What should I be looking for? Access to password_change.cgi?
Yes, it shows up in the access log as an access of
password_change.cgi; though that won’t necessarily indicate a successful exploit. Any version other than 1.890 requires that password expiry/change option to be enabled, so accesses would fail.
When I was testing a couple of different methods of exploit (for 1.890 and for 1.920) it shows up in
miniserv.error, as well, though it depends on what is in the input (and which version of Webmin is running) as to what shows up. But, there maybe a perl error looking something like
Perl execution failed - Your password has expired [...] at /usr/share/webmin/password_change.cgi
Seeing that error probably indicates the system was exploited in some way, as reaching that code indicates the option is enabled or it was running under version 1.890.
thank you joe. does anyone know when was 1.890 released? this is not going to be fun, but i’d have to scrap my system if I find something.
Jamie revived his old Solaris box to build a package just for you, our one remaining Solaris user. (I’m kidding, there may be two or three others running Solaris.)
Our of curiosity, are you running Solaris from Oracle or one of the OpenSolaris off-shoots, like IllumOS or SmartOS?
You will pull out a Solaris box but won’t support raspberry pi.
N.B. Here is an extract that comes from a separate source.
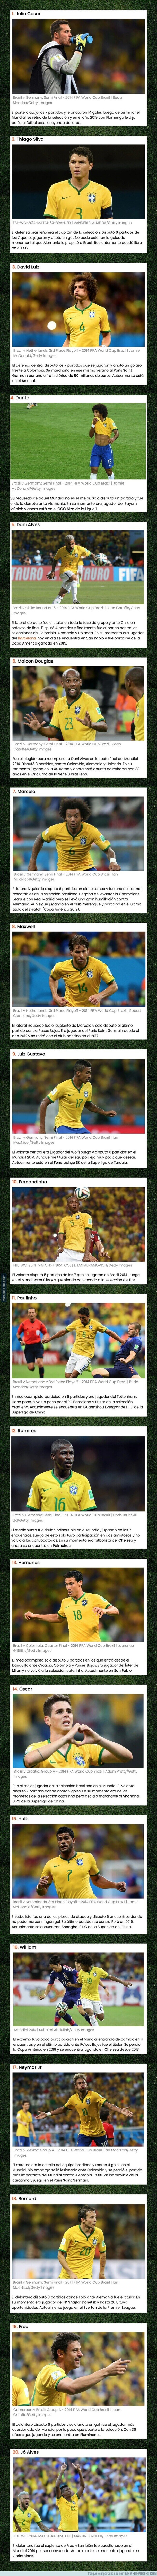 1107527 - Así es la vida de los jugadores que conformaban la selección de Brasil en 2014

That’s just rude.
It looks like 1.890 was released in the Virtualmin repos on 7/16/18, and upgraded to 1.894 about three months later. I guess it wasn’t as short-lived as I’d assumed, but from what we can tell it was not being exploited widely until the tweetstorm and media coverage starting on the 17th. It wasn’t being tracked by researchers who track that sort of thing until it was “dropped” at DefCon, and attacks started ramping up almost immediately, but weren’t super widespread until the 17th.
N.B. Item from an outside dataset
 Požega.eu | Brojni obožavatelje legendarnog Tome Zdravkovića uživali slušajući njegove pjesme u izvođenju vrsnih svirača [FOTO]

Reproducing the attack based only on what was in the “0day drop” required tweaking, and so script kiddies couldn’t make it work without people in forums figuring out how to make it work (it even took me a few minutes to figure out why it was failing for me). I suspect the researcher just didn’t understand the bug (either discovering it through fuzzing or finding it mentioned on some black hat site, or similar), and so his PoC was kinda wonky and required a lot of luck to make work (but only a little tweaking was needed to make it super dangerous on 1.890, but it needed the right Webmin configuration on all later versions).
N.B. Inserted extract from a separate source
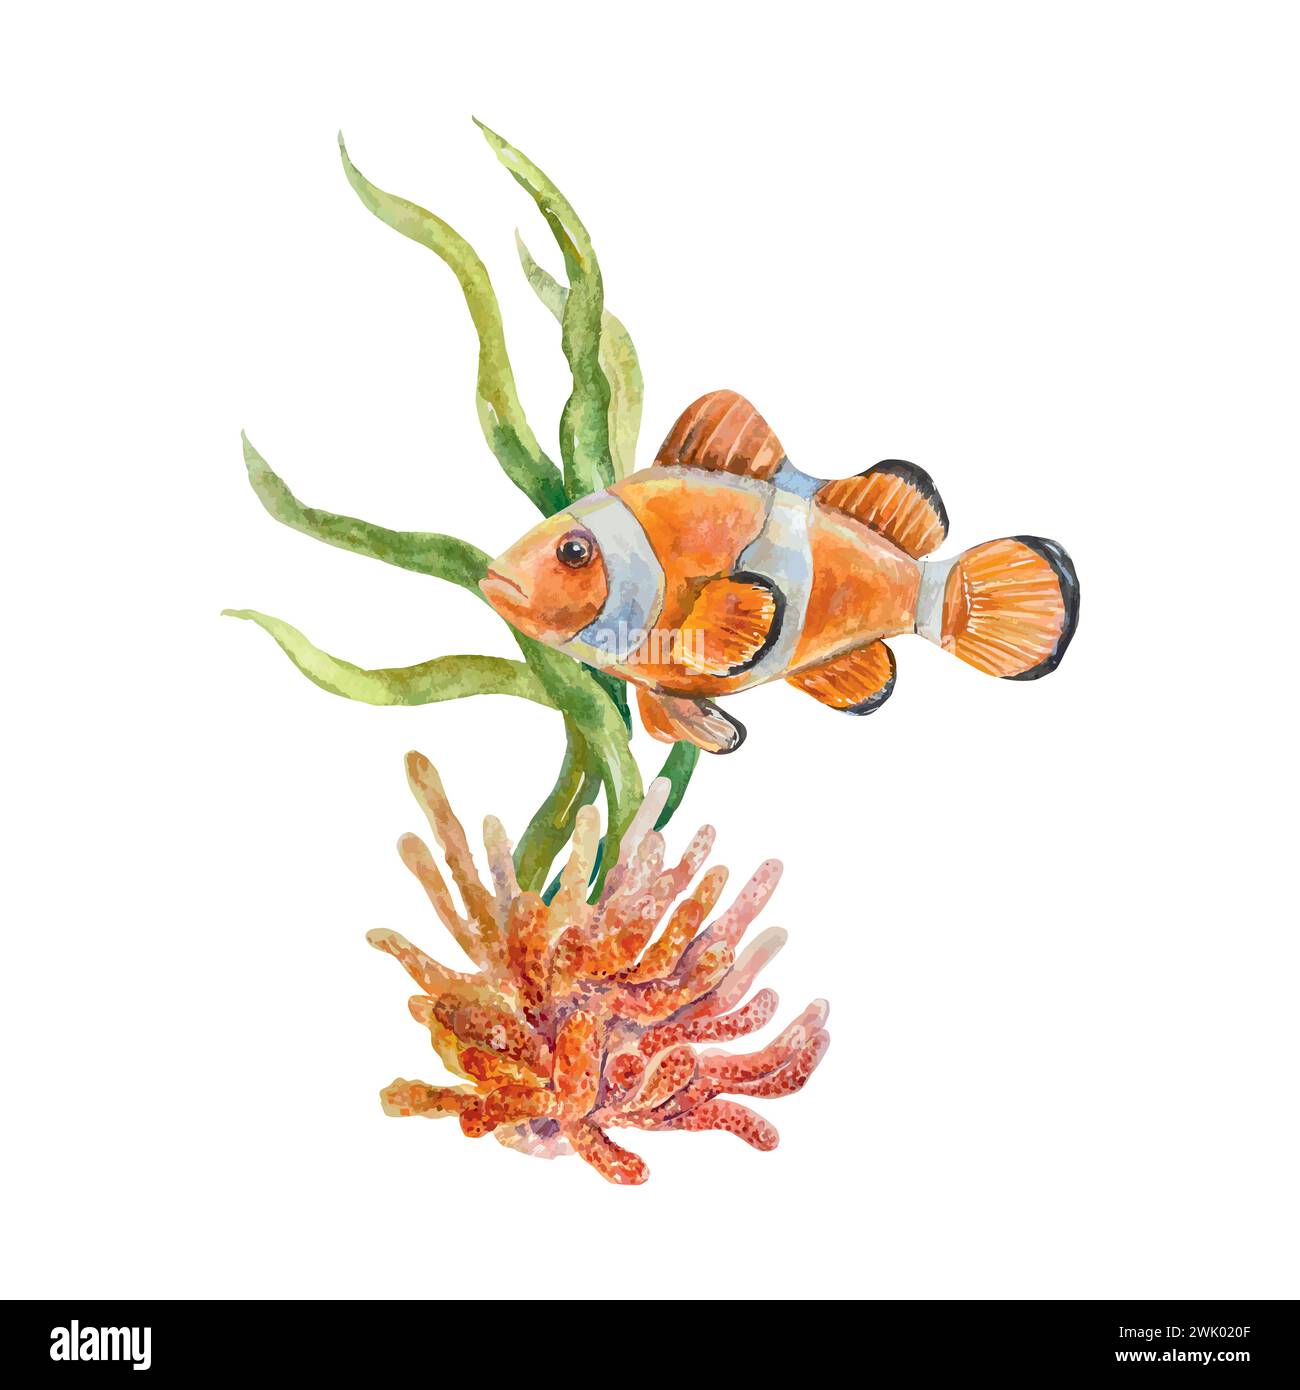 Poisson clown, un poisson orange avec une bande blanche. Illustration vectorielle de vie marine. Élément de design pour cartes postales, bannières de voyage, flyers, étiquettes, affiches. Illustration de Vecteur

What I’m trying to say is that it was a slow ramp up, at least partly, because the published exploit wasn’t workable in a widespread way without tweaking, and a lot of attackers are low-skilled; just running existing exploits and adding the results to their botnets for spamming or whatever. I followed the discussion all day on Twitter and reddit, and was surprised by how much wrong information was flying around (wrong in the sense of it didn’t accurately describe the bug or the way to exploit it) and for how long.
All that said, if you find something, you probably should scrap the system. You can never really trust a rooted system again, until it’s been reinstalled with a fresh OS. We hate that this happened, and we’re sorry to everyone who does end up having to reinstall…know that we’re in the same boat (all of our servers run Webmin or Virtualmin, too, and we have quite a few), and have been auditing everything since Saturday. We’re just hoping the slow ramp up and getting a new release out minimized the damage. We wish the researcher had responsibly disclosed the bug, but not everyone does responsible disclosure.
Would the mere fact that someone attempted to access that function, even if it failed because password-changing was not enabled, serve as a natural honeypot?
so 1.890 was super dangerous how? Was the change password mitigation not required for this particular version?